Tough choice. That Spectrum looks so clean and those wheels are amazing!. The Rodeo looks like a real bargain for the price, although I worry about how wet the interior is from not having working zippers on the back plastic. If the interior isn’t a disaster, I’d have to go Rodeo for the price.

Mr Sarcastic
Mr Sarcastic
4 months ago
Reply to  3WiperB

The rear interior is just metal with unattached carpet laid down.
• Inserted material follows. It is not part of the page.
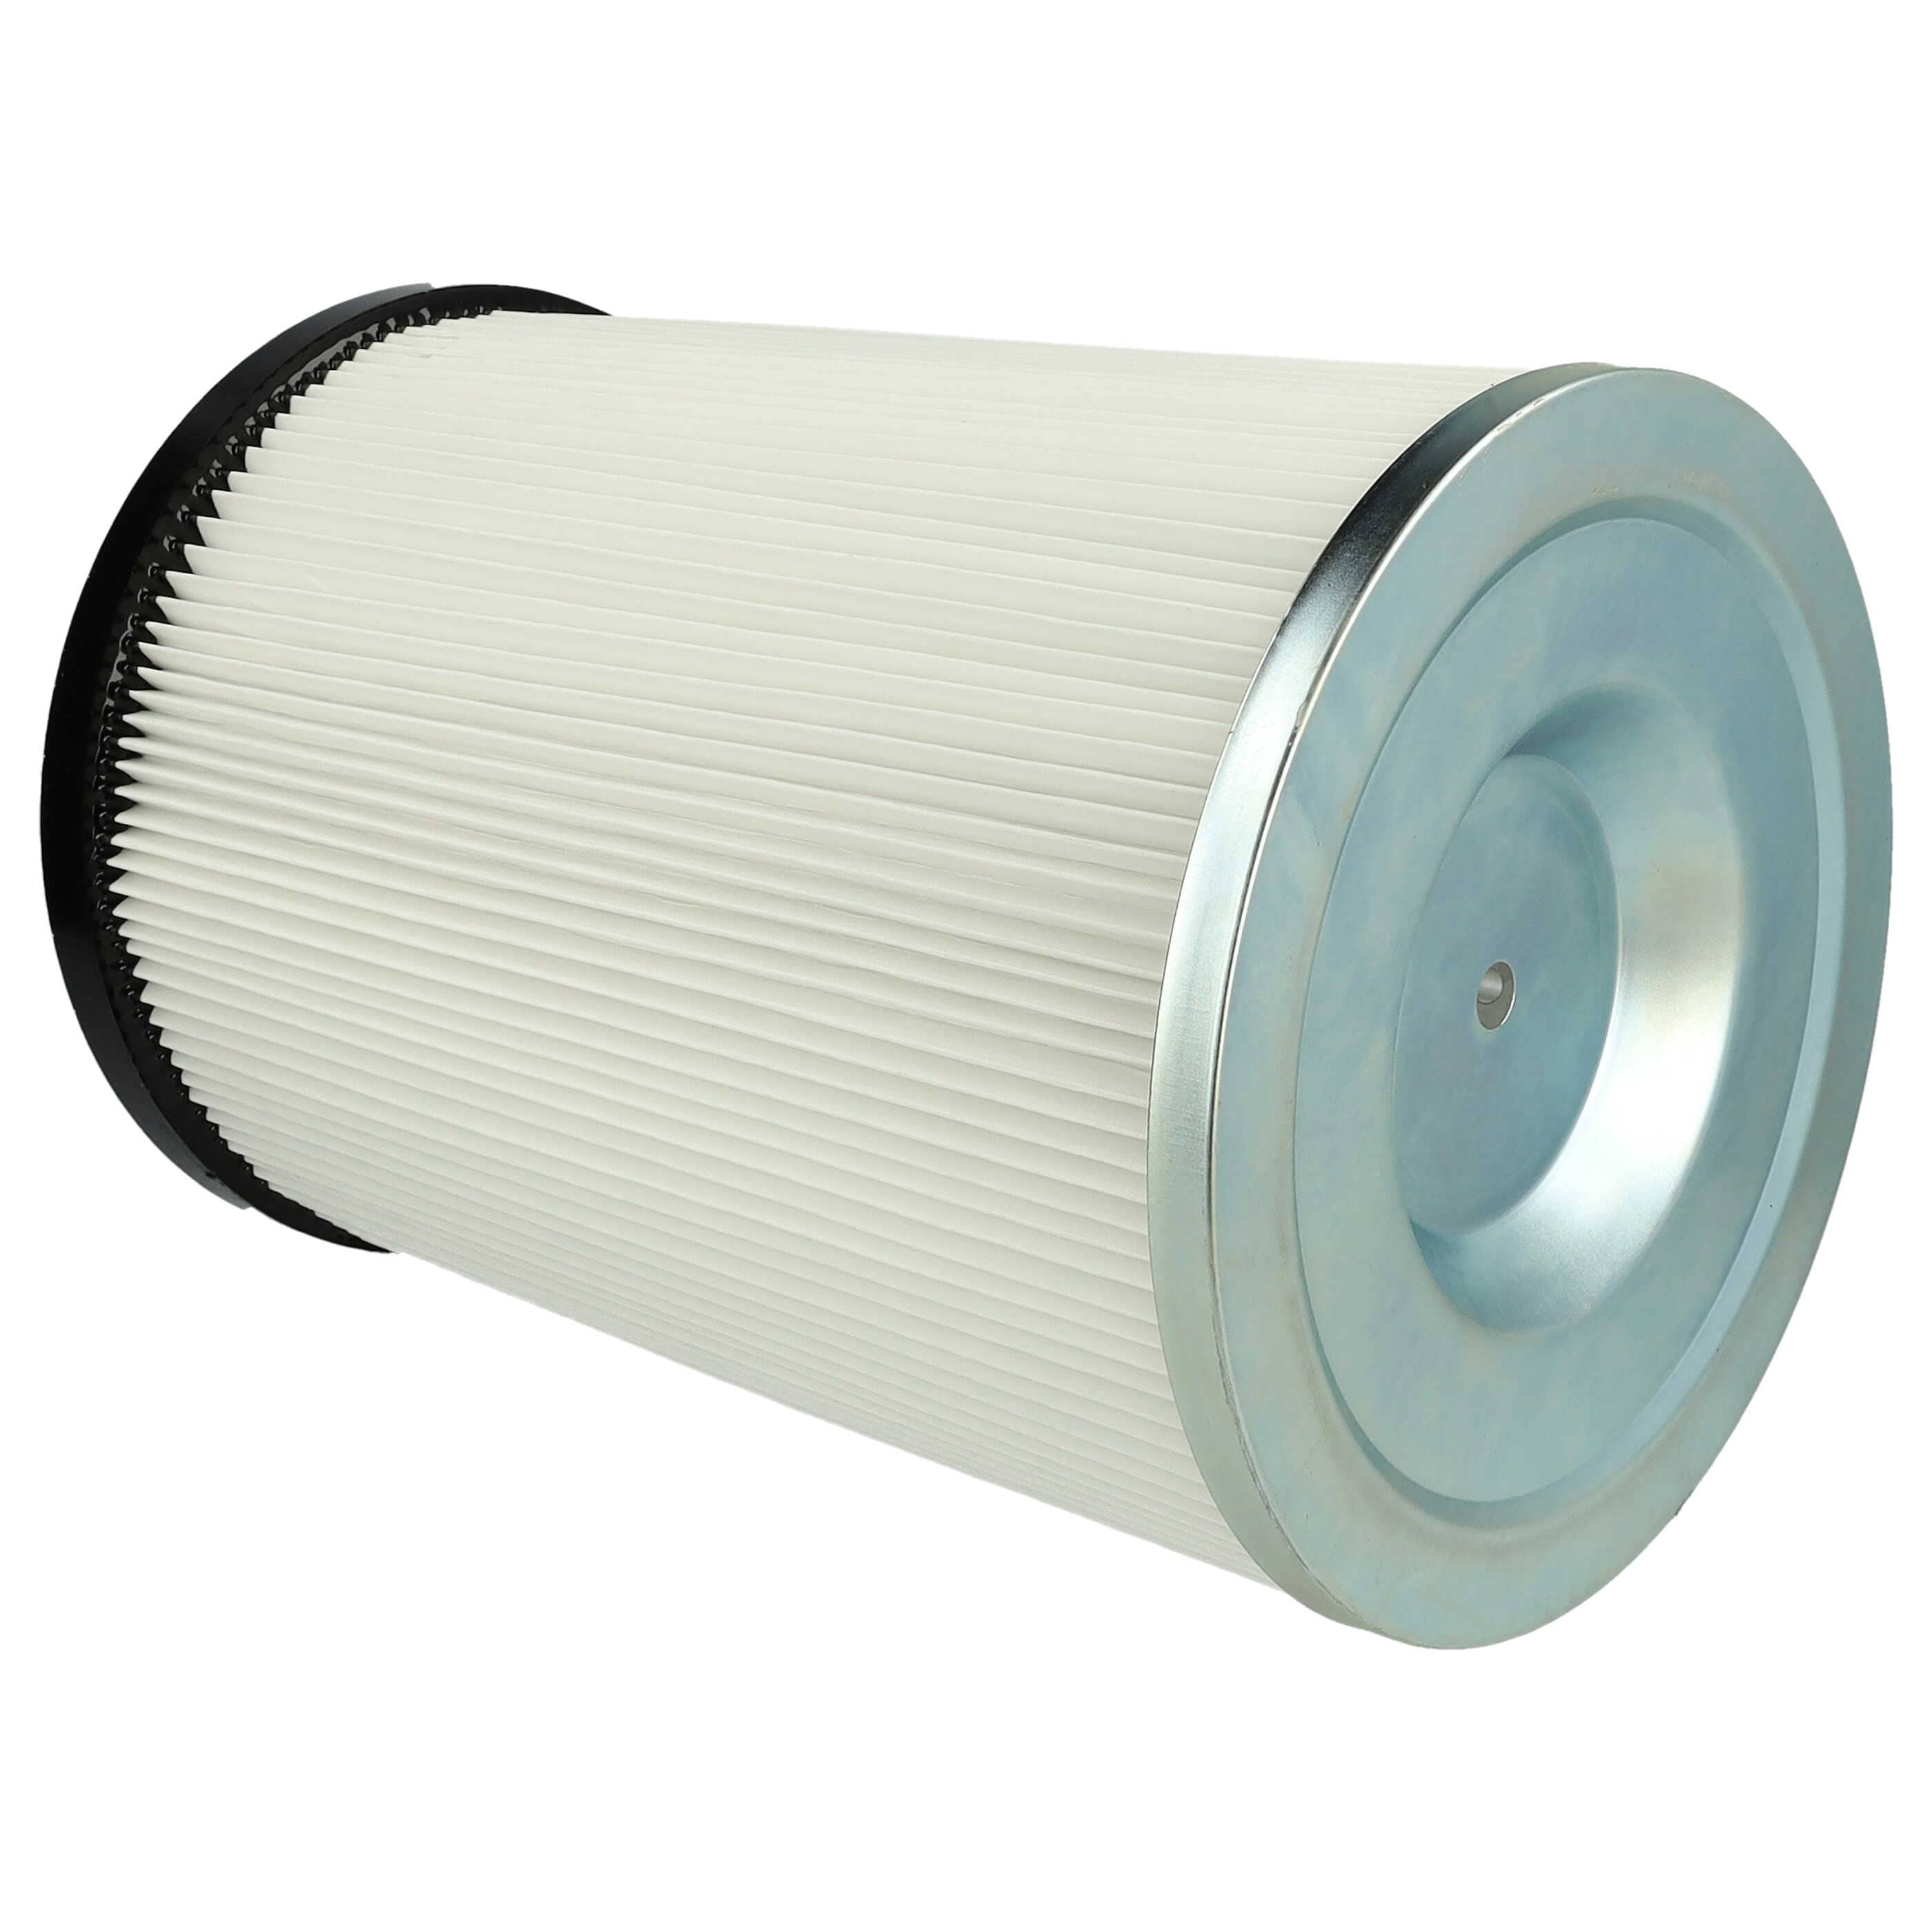 Filtro reemplaza Kärcher 9.770-988.0, 6.907-038.0 para aspiradora filtro de cartucho, blanco

On the bright side if you can find a replacement top it is very DIY.

TOSSABL
TOSSABL
4 months ago

Amigo
A small, lightweight, manual car with 150hp should be right up my alley, but I’m dubious about 80s turbo technology—especially the fuel management sampling rate/response speeds.

TOSSABL
TOSSABL
4 months ago
Reply to  Mark Tucker

Possibly better as many of those were pretty conservative.
And, I’m squeamish mainly because of my BugEye and the issues some had. I’ve looked at water/methanol injection, and like the idea, but a decent system easily costs more than I paid for the car.

Griznant
Griznant
4 months ago

A friend had an ’88 Spectrum turbo in ’91. His dad put it together as a rebuilt title and it worked fine for him through high school. The only thing I really remember was that it was bright red and had bright red hubcaps. That’s when I decided that body color matching hubcaps isn’t something the world needs. It was jarring, and too much red, even on a small car.

Geoff Buchholz
Geoff Buchholz
4 months ago

Man, what a tough choice to start the week! That Spectrum looks like a blast, but I’d be too worried about driving it, plus the Rodeo’s a better deal even with non-op 4WD. We’ll take the truck.

Gilbert Wham
Gilbert Wham
4 months ago
Reply to  Geoff Buchholz

That was my take, even tho that Spectrum appears to basically be what a MK3 Ford Escort would have been if it wasn’t shit.

Mr. Asa
Mr. Asa
4 months ago

I like the Spectrum, but its about $1k too high for what it is. Rodeo please

Angular Banjoes
Angular Banjoes
4 months ago

I’ve seen that Rodeo around town before, but I could never quite figure out why the graphics were so familiar. The Bandit commercial was a delightful blast from the past.

Fuzzyweis
Fuzzyweis
4 months ago

I’d go with the Rodeo, there should still be a couple rodeo/amigos to source replacement 4wd parts from it, maybe. The graphics alone sell it!

Michael Beranek
Michael Beranek
4 months ago

Perhaps Ms. Streeter needs to run a Rock Auto price check before diving in on another Piech disaster.

DialMforMiata
DialMforMiata
4 months ago

Doesn’t matter how cheap the parts are, if you have to buy all of them it’s gonna add up.

NebraskaStig
NebraskaStig
4 months ago

That Spectrum is sooooooo clean!! And Redwood.

StillNotATony
StillNotATony
4 months ago

It’s probably a bad idea, but man, those graphics on the Amigo are calling my name!!

Jack Trade
Jack Trade
4 months ago

Spectrum for sure. That interior is pretty well-equipped and forward (it doesn’t scream ’80s) for what it is, the red pinstripe matching the red TURBOs, and OMG those wheels. Not to mention the manual.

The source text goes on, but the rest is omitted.